### DATA
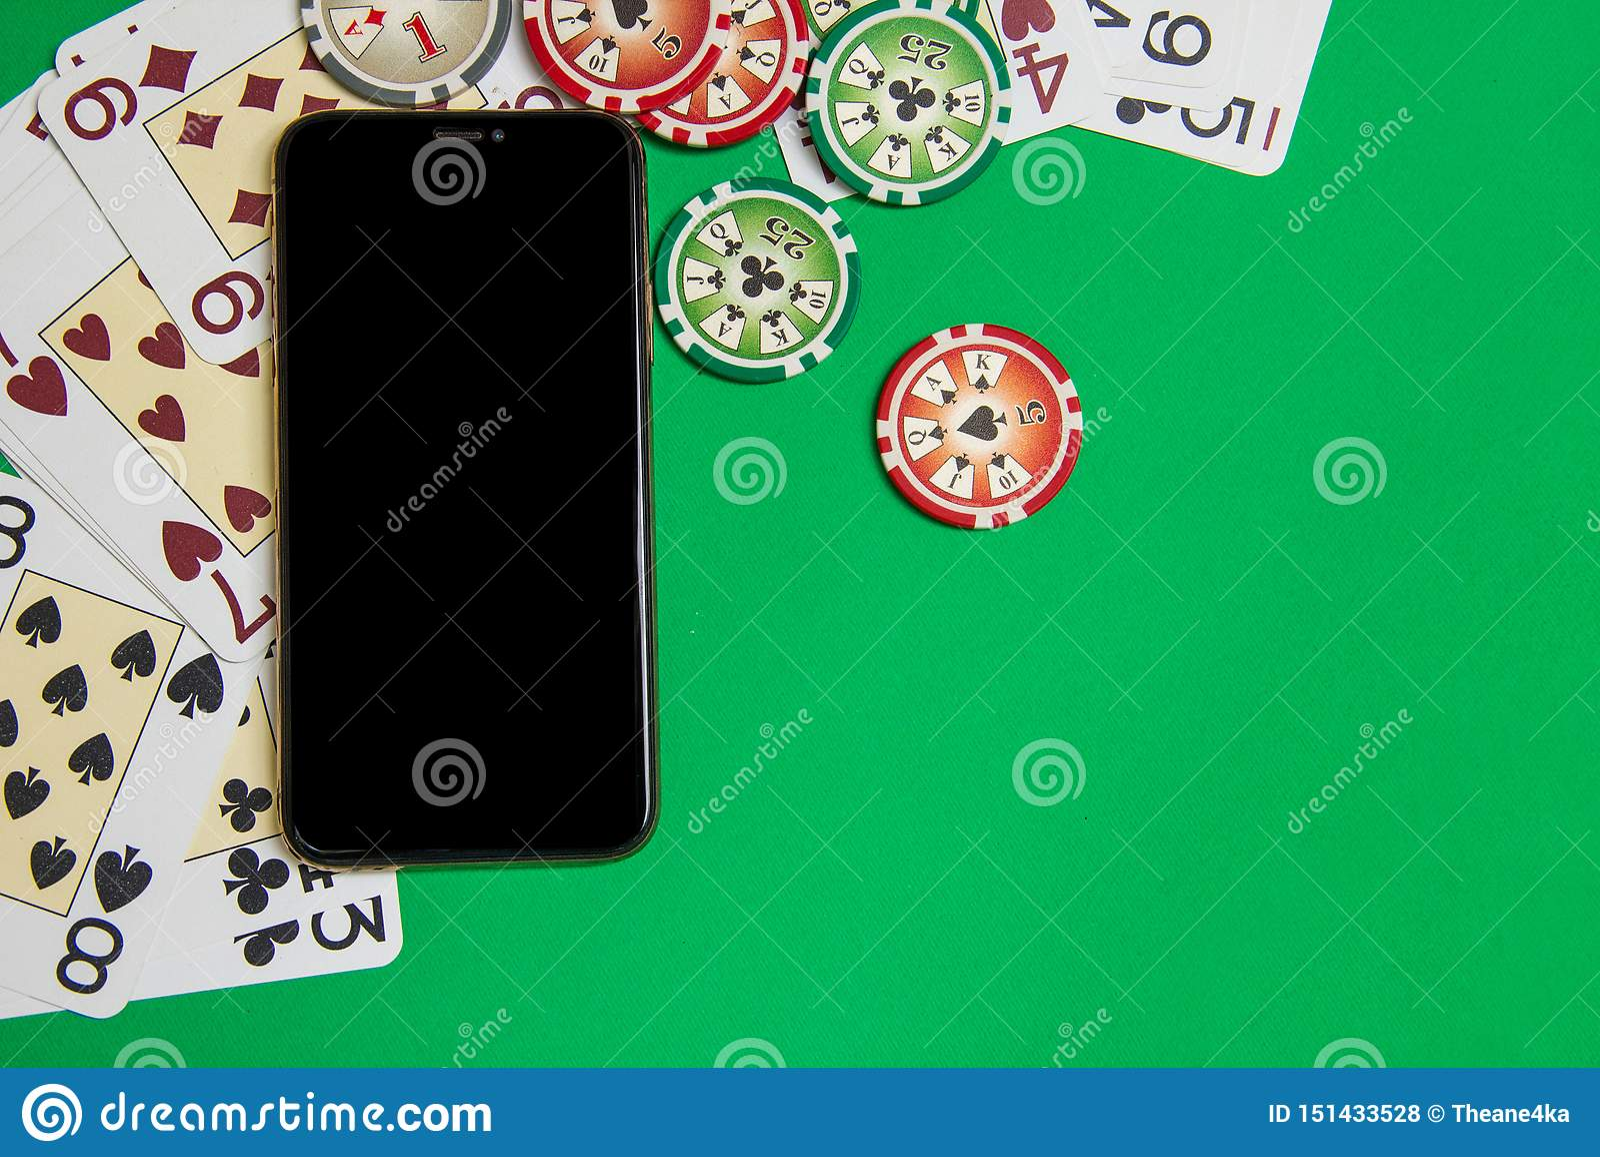 Скачать покер для мобильного телефона онлайн казино он нет 888
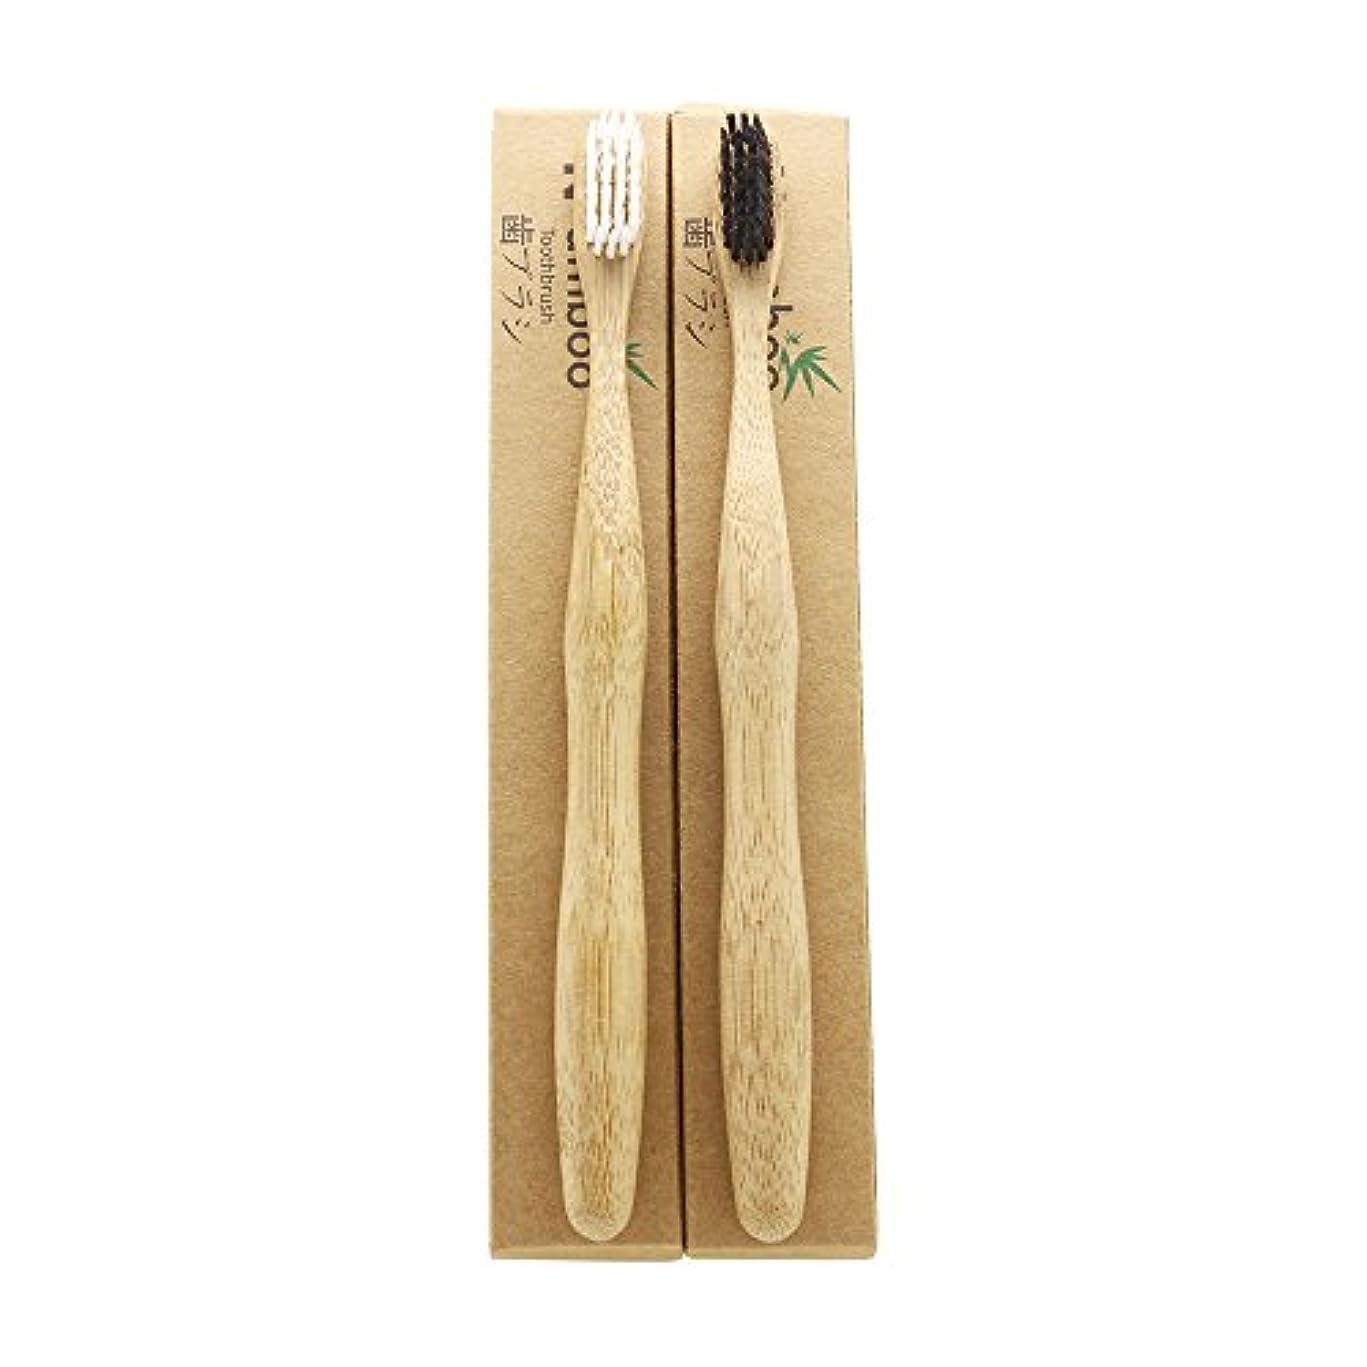 クレア受賞魅了するN-amboo 竹製 歯ブラシ 高耐久性 白と黒 セット エコ  (2本)
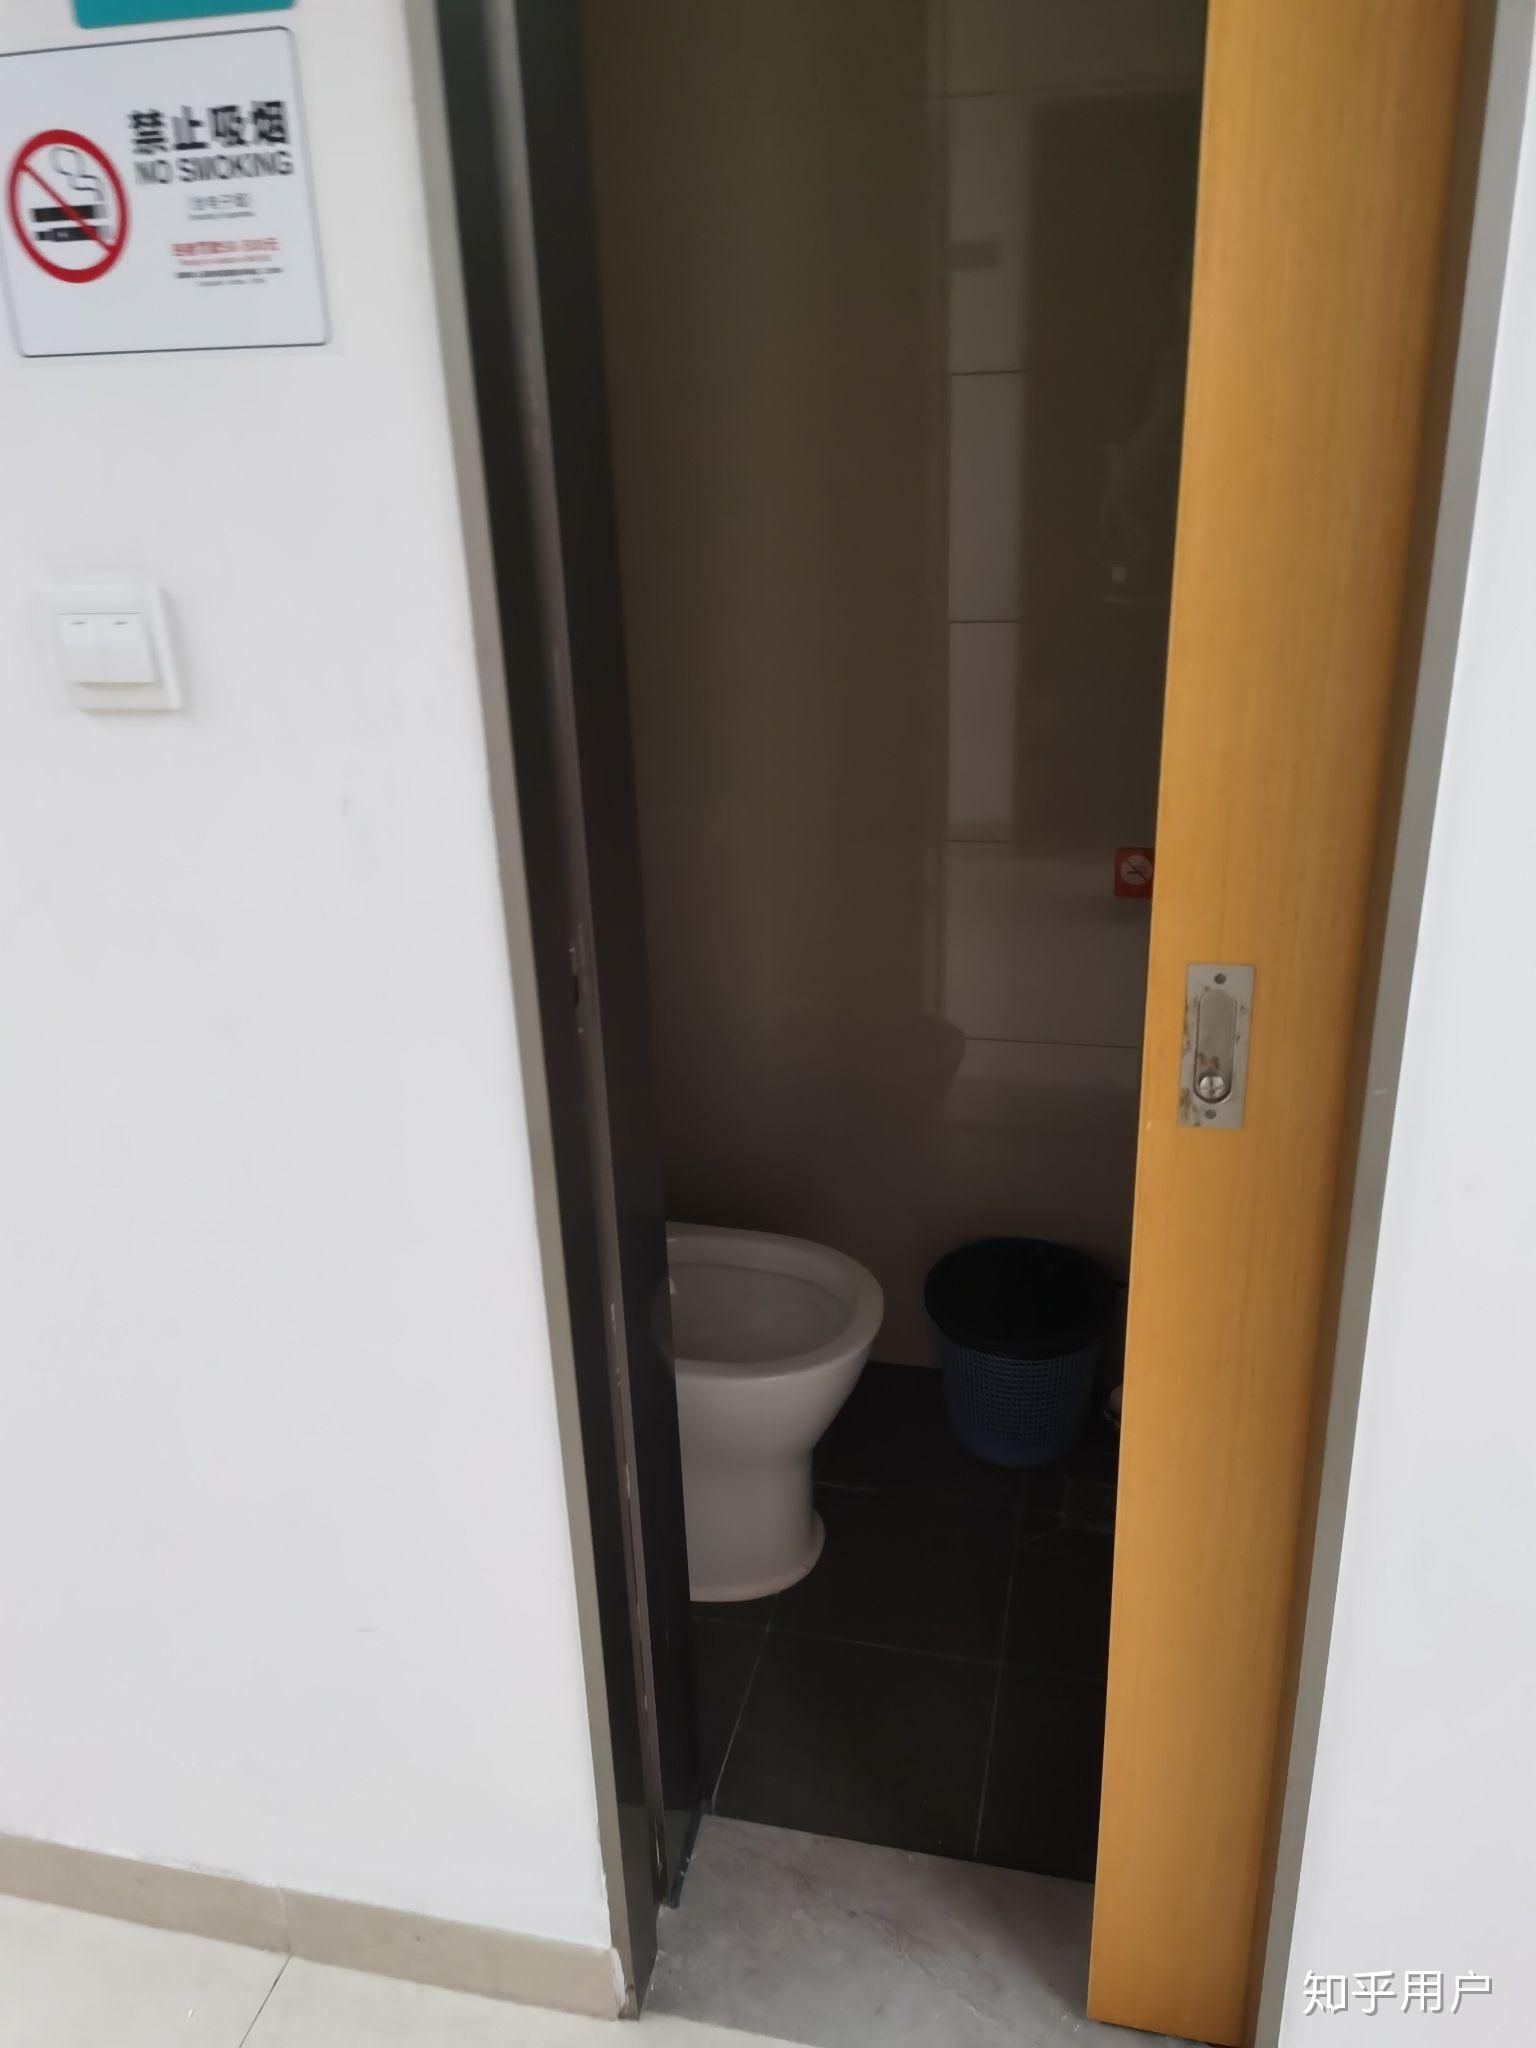 改造出的小厕所
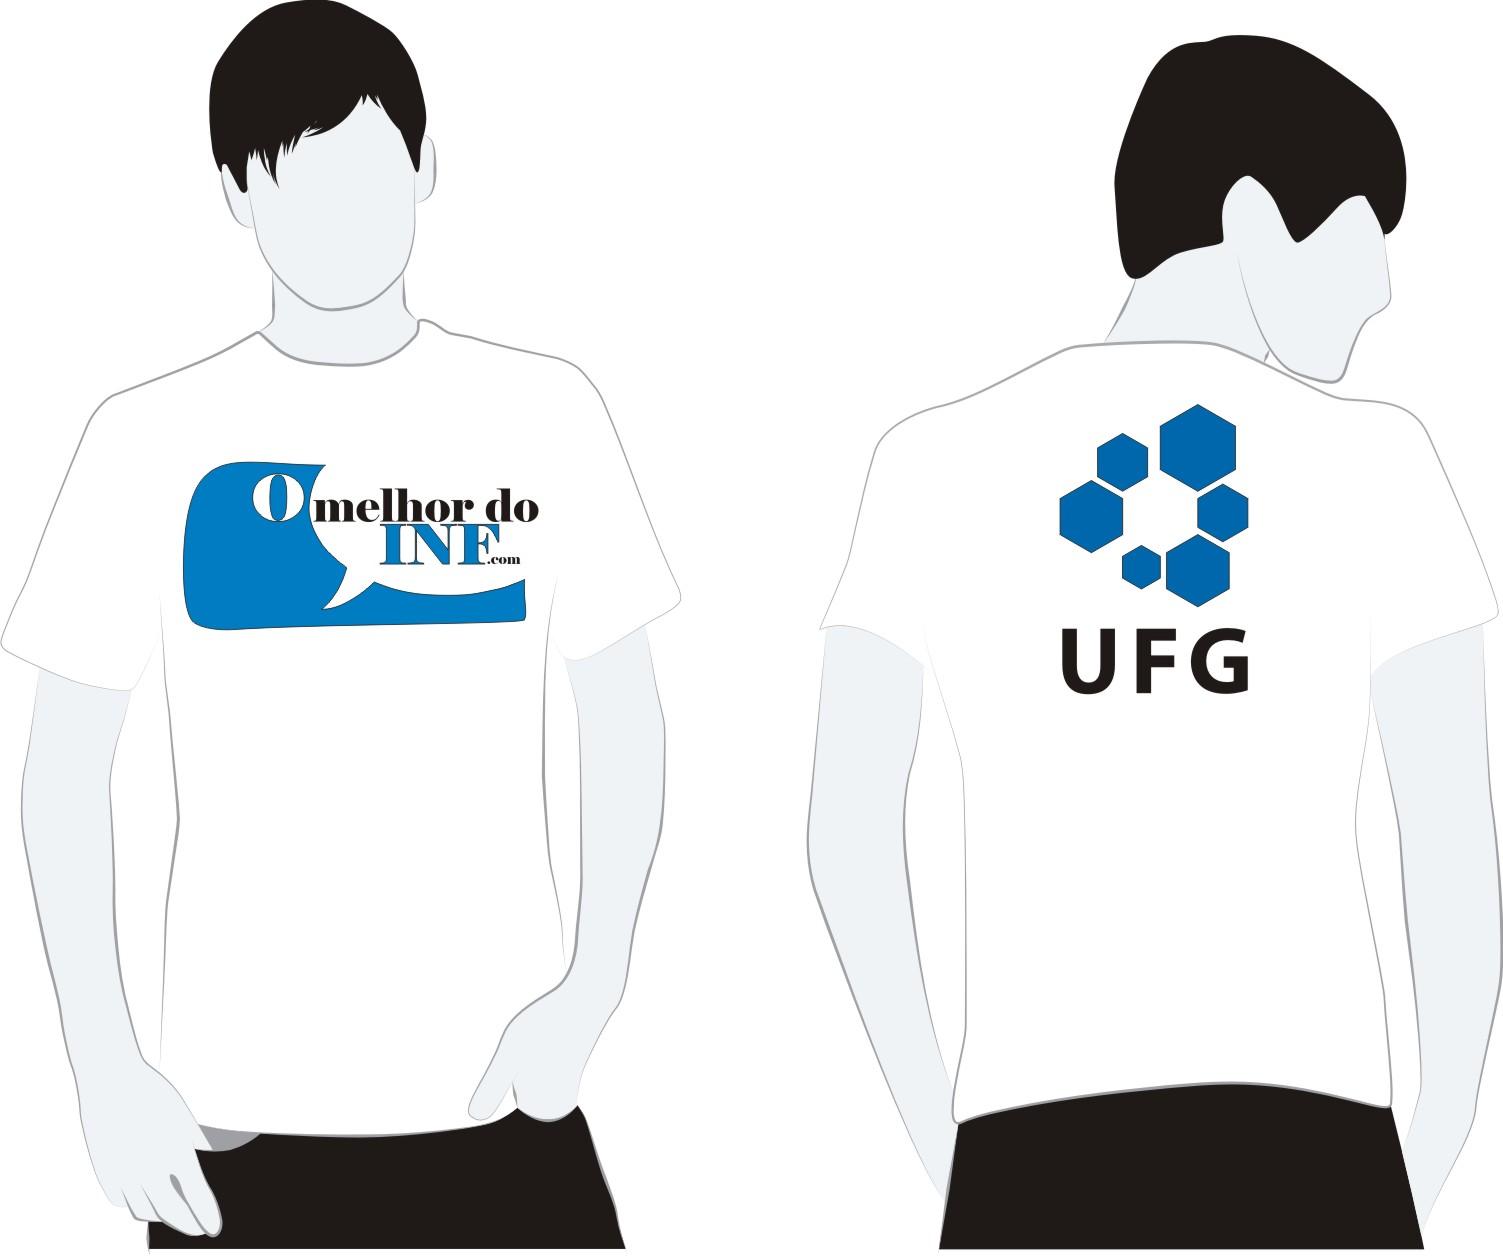 Camisetas O Melhor Do INF

### WHAT THIS TASK INVOLVES
Exactly as they stand, write the lines from the one holding "クレア受賞魅了するN-amboo 竹製 歯ブラシ" to the end of the material, both ends included. Do not copy the pictures.

### RESPONSE TO THE EXERCISE
 クレア受賞魅了するN-amboo 竹製 歯ブラシ 高耐久性 白と黒 セット エコ  (2本)
 改造出的小厕所
 Camisetas O Melhor Do INF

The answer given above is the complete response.